Extracellular matrix in the inner ear

The tectoria membrane (TM) is one of two acellular membranes in the cochlea of the inner ear, the other being the basilar membrane (BM). "Tectorial" in anatomy means forming a cover. The TM is located above the spiral limbus and the spiral organ of Corti and extends along the longitudinal length of the cochlea parallel to the BM. Radially the TM is divided into three zones, the limbal, middle and marginal zones. Of these the limbal zone is the thinnest (transversally) and overlies the auditory teeth of Huschke with its inside edge attached to the spiral limbus. The marginal zone is the thickest (transversally) and is divided from the middle zone by Hensen's Stripe. It overlies the sensory inner hair cells and electrically-motile outer hair cells of the organ of Corti and during acoustic stimulation stimulates the inner hair cells through fluid coupling, and the outer hair cells via direct connection to their tallest stereocilia.

==Structure==
The TM is a gel-like structure containing 97% water. Its dry weight is composed of collagen (50%), non-collagenous glycoproteins (25%) and proteoglycans (25%). Three inner-ear specific glycoproteins are expressed in the TM, α-tectorin, β-tectorin and otogelin. Of these proteins α-tectorin and β-tectorin form the striated sheet matrix that regularly organises the collagen fibres. Due to the increased structural complexity of the TM relative to other acellular gels (such as the otolithic membranes), its mechanical properties are consequently significantly more complex. They have been experimentally shown to be radially and longitudinally anisotropic and to exhibit viscoelastic properties.

==Function==
The mechanical role of the tectorial membrane in hearing is yet to be fully understood, and traditionally was neglected or downplayed in many models of the cochlea.

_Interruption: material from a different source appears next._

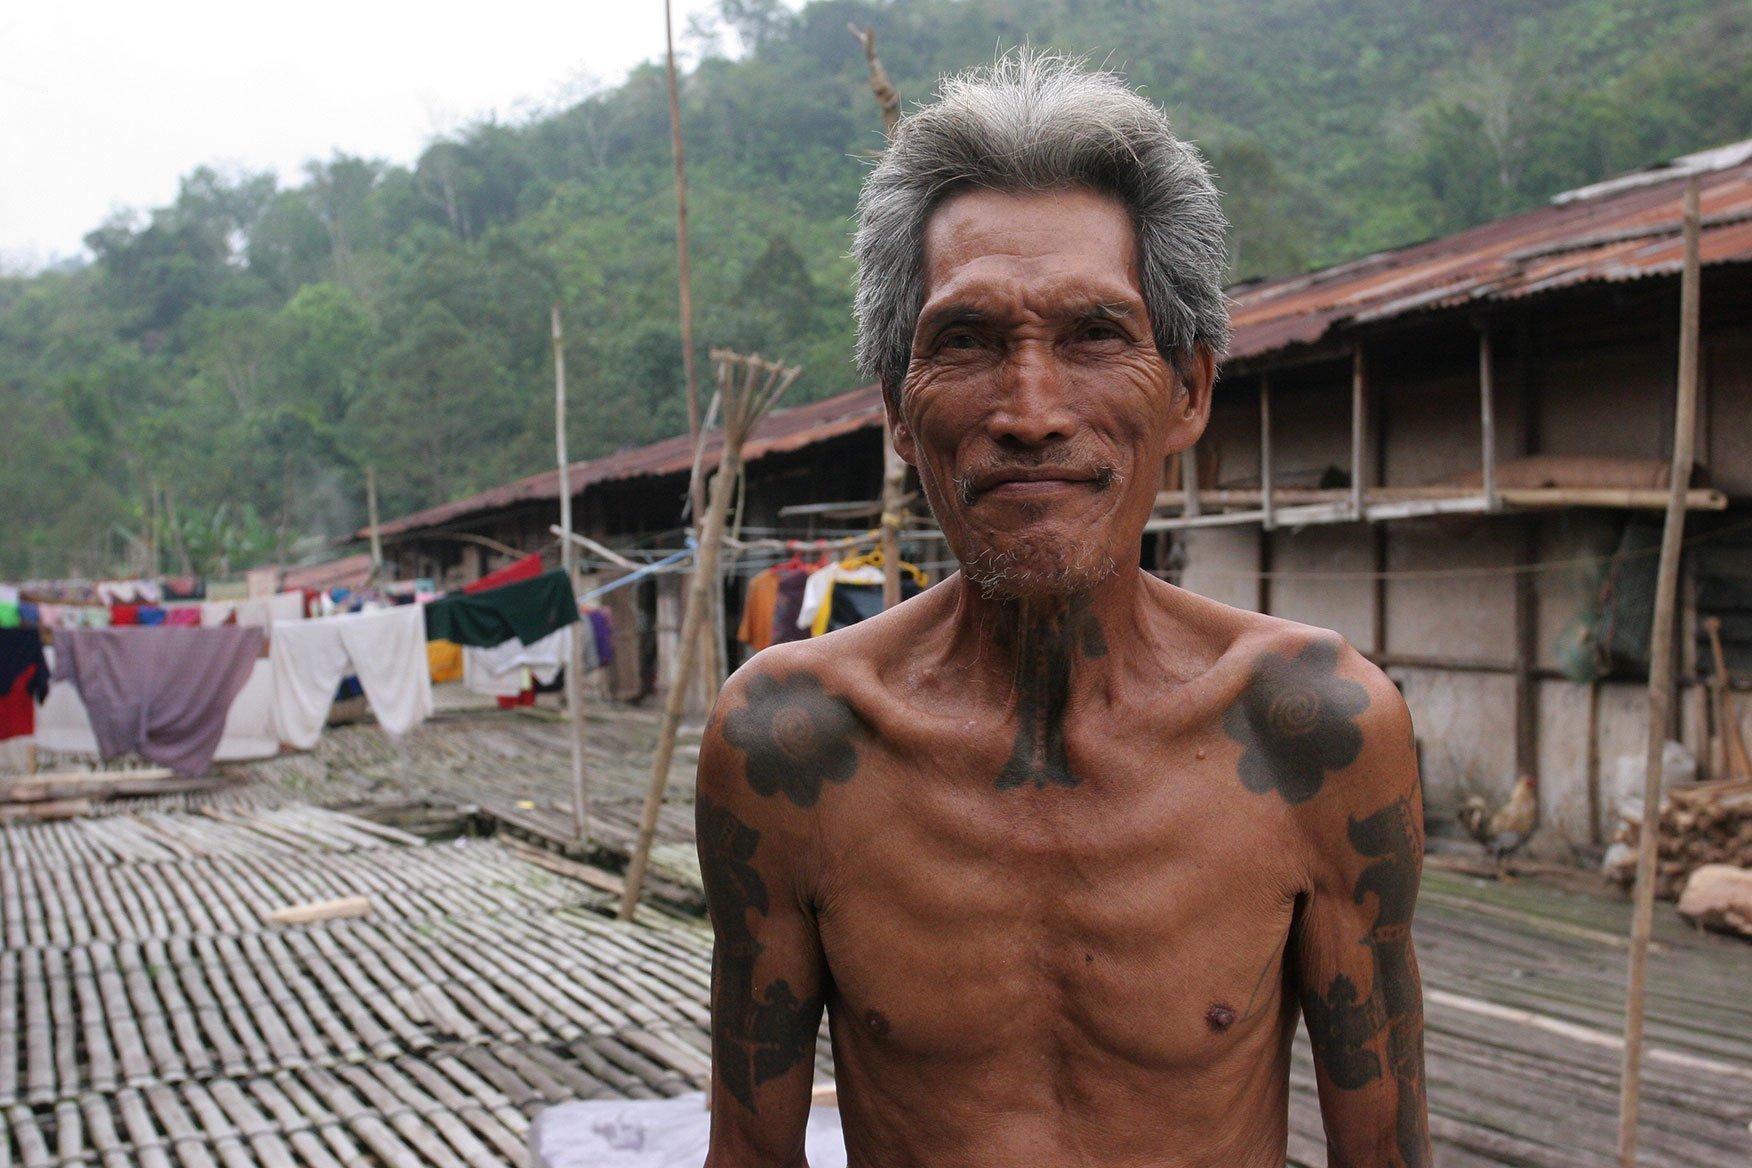 Local community near Kuching in Borneo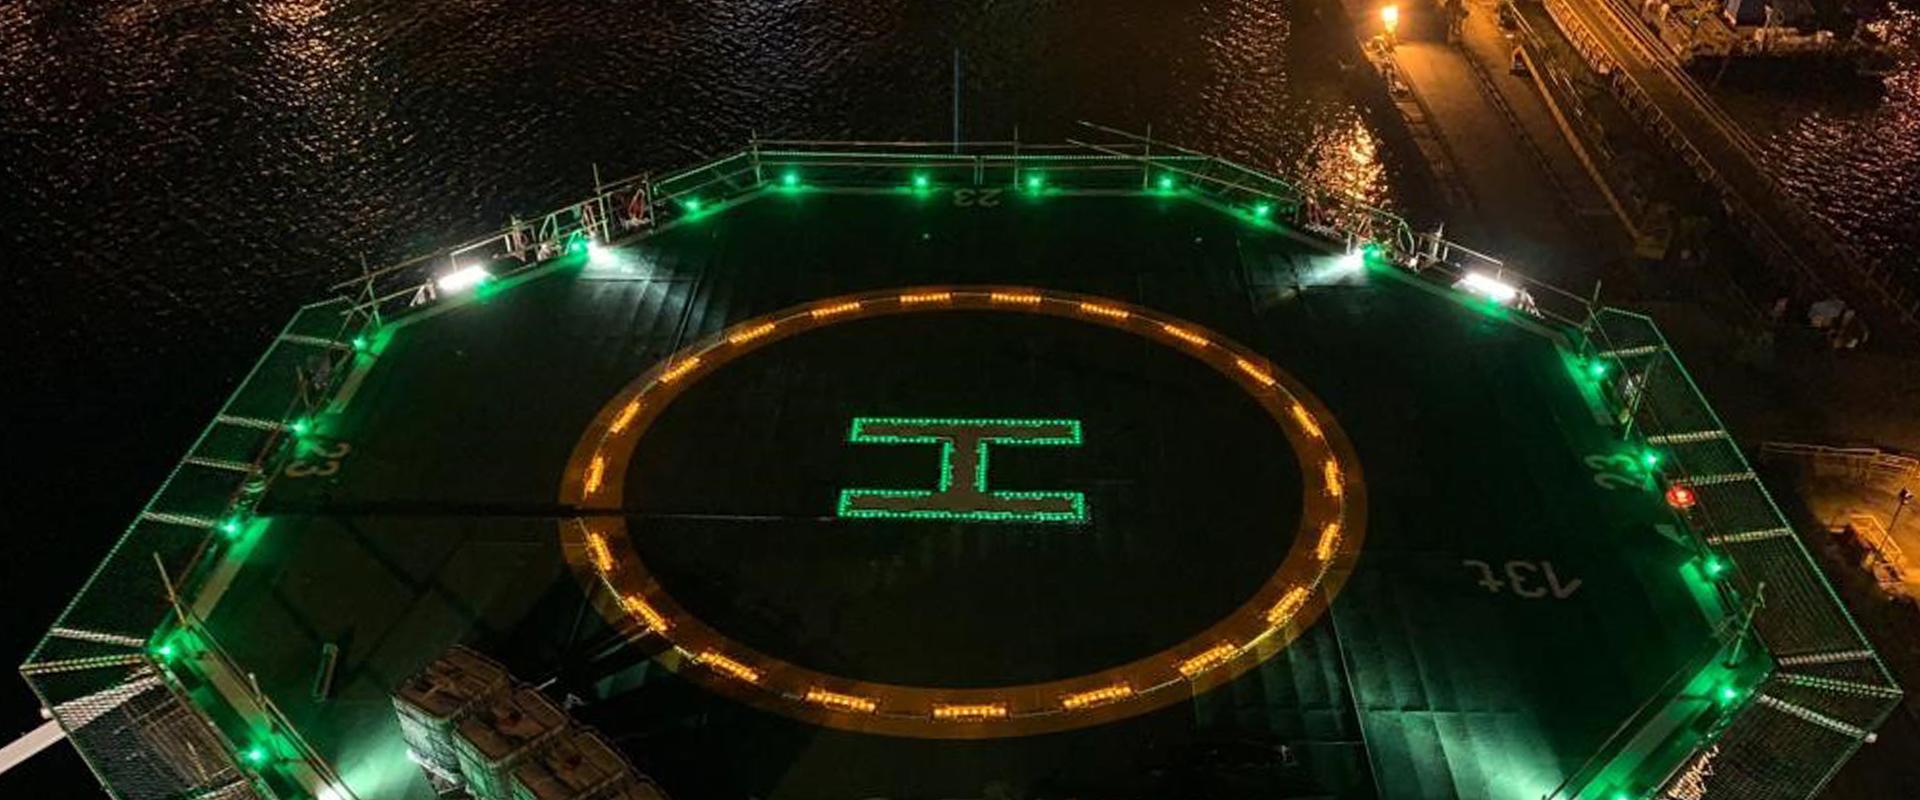 Adipec 2018 news about circle-h

However, recent genetic
, mechanical and mathematical studies have highlighted the importance of the TM for healthy auditory function in mammals. Mice that lack expression of individual glycoproteins exhibit hearing abnormalities, including, most notably, enhanced frequency selectivity in Tecb^{−/−} mice, which lack expression of β-tectorin. In vitro investigations of the mechanical properties of the TM have demonstrated the ability of isolated sections of TM to support travelling waves at acoustically relevant frequencies. This raises the possibility that the TM may be involved in the longitudinal propagation of energy in the intact cochlea. MIT research correlates the TM with the ability of the human ear to hear faint noises.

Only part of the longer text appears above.